S=[900,1000,1000,700,-100]

See that 900>x, ie.., 900>800

S[2]=S[1]

S[2]=900

S=[900,900,1000,700,-100]

Decrease j: j=0 (invalid!)

S[1]=x=800

So S:[800,900,1000,700,-100]

Now i=4, S[i]=700=x

j=3, S[3]=1000, 1000>700

S=[800,900,1000,1000,-100]

j=2, S[2]=900, 900>700

S=[800,900,900,1000,-100]

j=1,S[1]=800, 800>700

S=[800,800,900,1000,-100]

j=0 (invalid!)

S[1]=x=700

S=[700,800,900,1000,-100]

Now i=5, S[i]=-100

j=4, S[j]=1000, 1000>-100

S=[700,800,900,1000,1000]

j=3, S[3]=900, 900>-100

S=[700,800,900,900,1000]

j=2, S[2]=800, 800>-100

S=[700,800,800,900,1000]

j=1,S[1]=700,700>-100

S=[700,700,800,900,1000]

j=0(invalid!)

S[1]=x=-100

S=[-100,700,800,900,1000]

As you can see, in the worst case, for every \'i\', \'j\' keeps going back until it hits 1. This means that the system repeats comparison operation over the same regions of the array A (from j to 1) for every element. For every element, it does j comparisons. Now j can be between 1 and n-1. We do (n-1) operations for every element. We have n elements and so, we do n(n-1) total operations= n² operations.
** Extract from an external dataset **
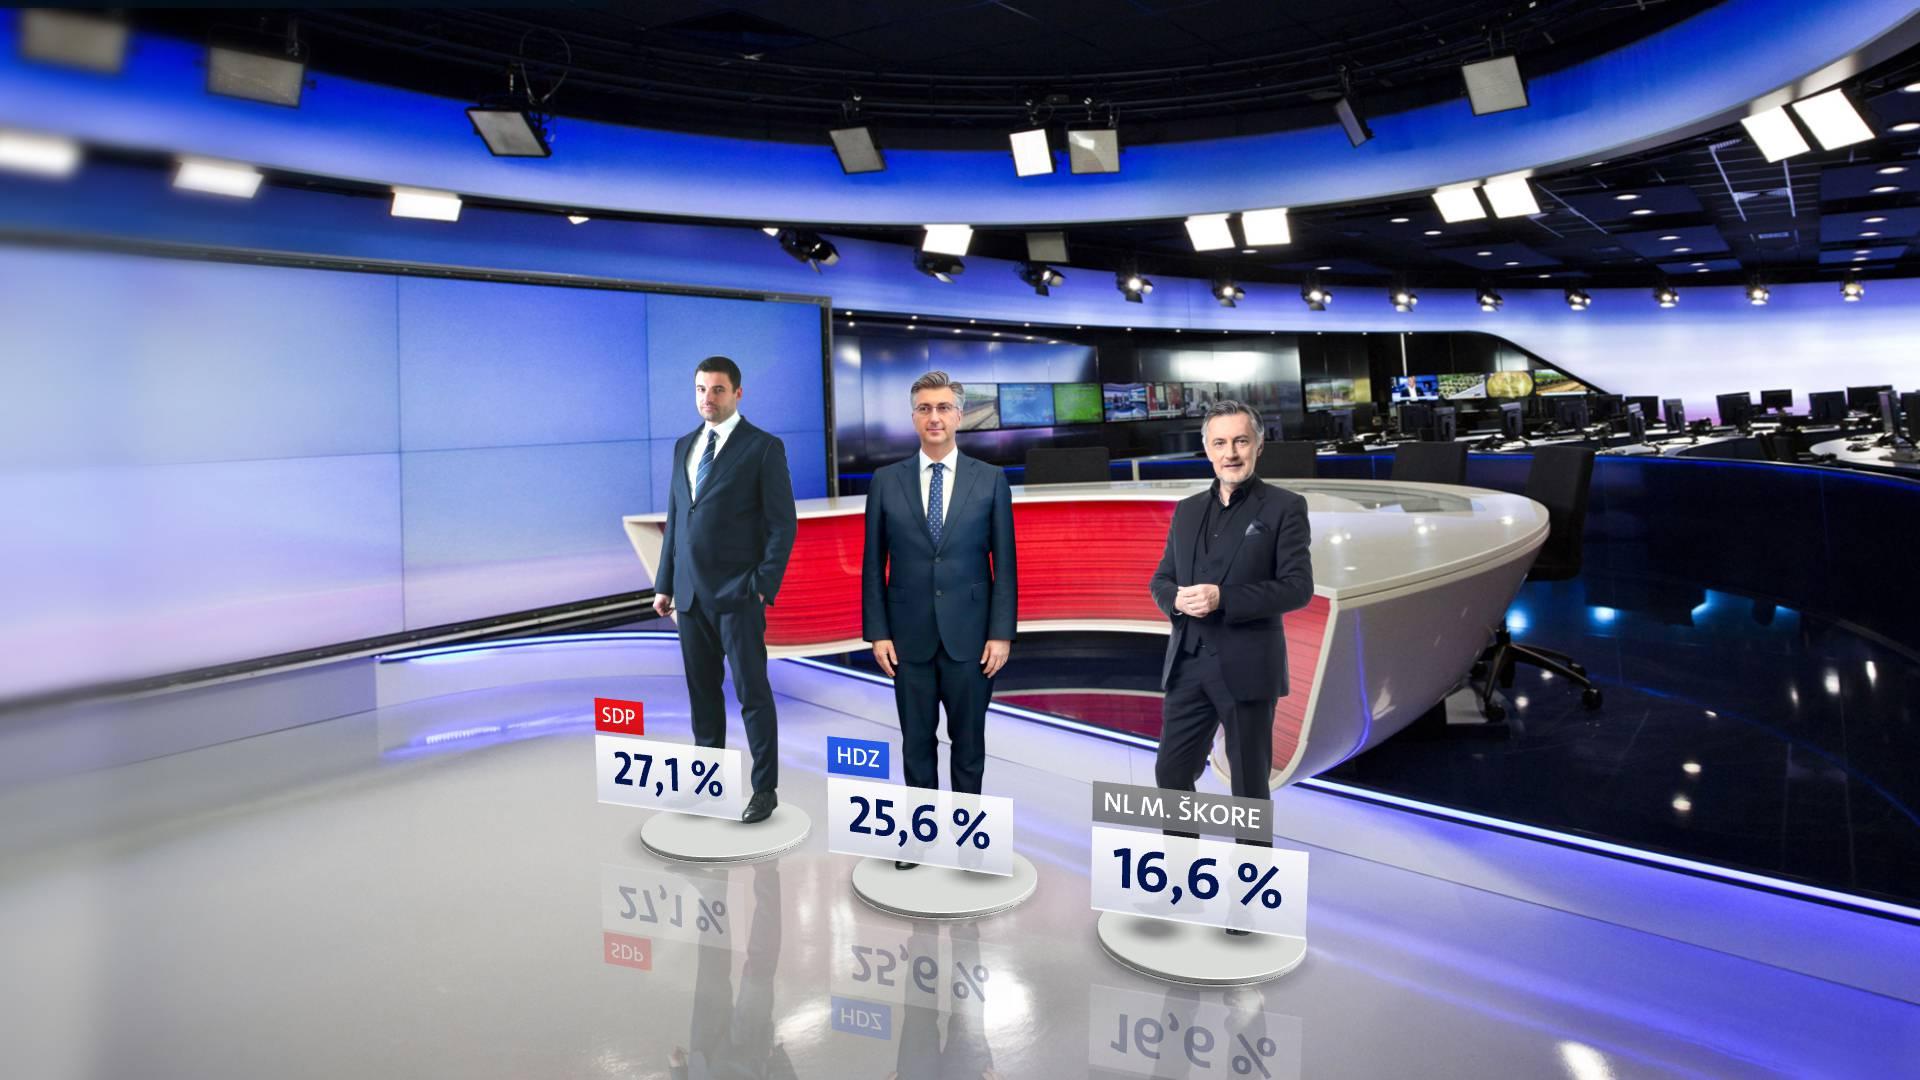 SDP je prvi put u četiri godine najjača stranka: Škoro je treći

Now, as per the question, let us put a sentinel value in S[0]. A sentinel here is the smallest negative number.

Having a sentinel value for the smallest negative number (-2³² or -2^64, depending on whether the system is 32-bit or 64-bit).

Like:

S=-2⁶⁴, 1000,900,800,700,-100

Since we have already taken the smallest numbers of all numbers available to us in S[0], any other element in S is going to be larger than S[0]. This eliminates the need for j to go until the very last index (here 0).

So, in our algorithm:

•       void insertionsort( int n, keytype S[ ])

•       {

•           int i, j;

•           keytype x;

•            for( i= 2; i<=n; i++) {

•                 x = S[i];

•                 j= i;

•                while( S[j-1] > x) {

•                        S[j] = S[j-1];

•                        j--;

•                  }

•                   S[j]= x;

•              }

•       }

There is not much difference in time complexity with this improvement. In fact, now we have more elements (n+1) and fewer comparisons (we are not comparing S[0] with any element), that is, (n-1). Still, however, in the worst case, the complexity is still quaratic Big-BO(n²)

In the best case (where S is already sorted ascendingly), the complexity is only Big-O(n). Try to verify this.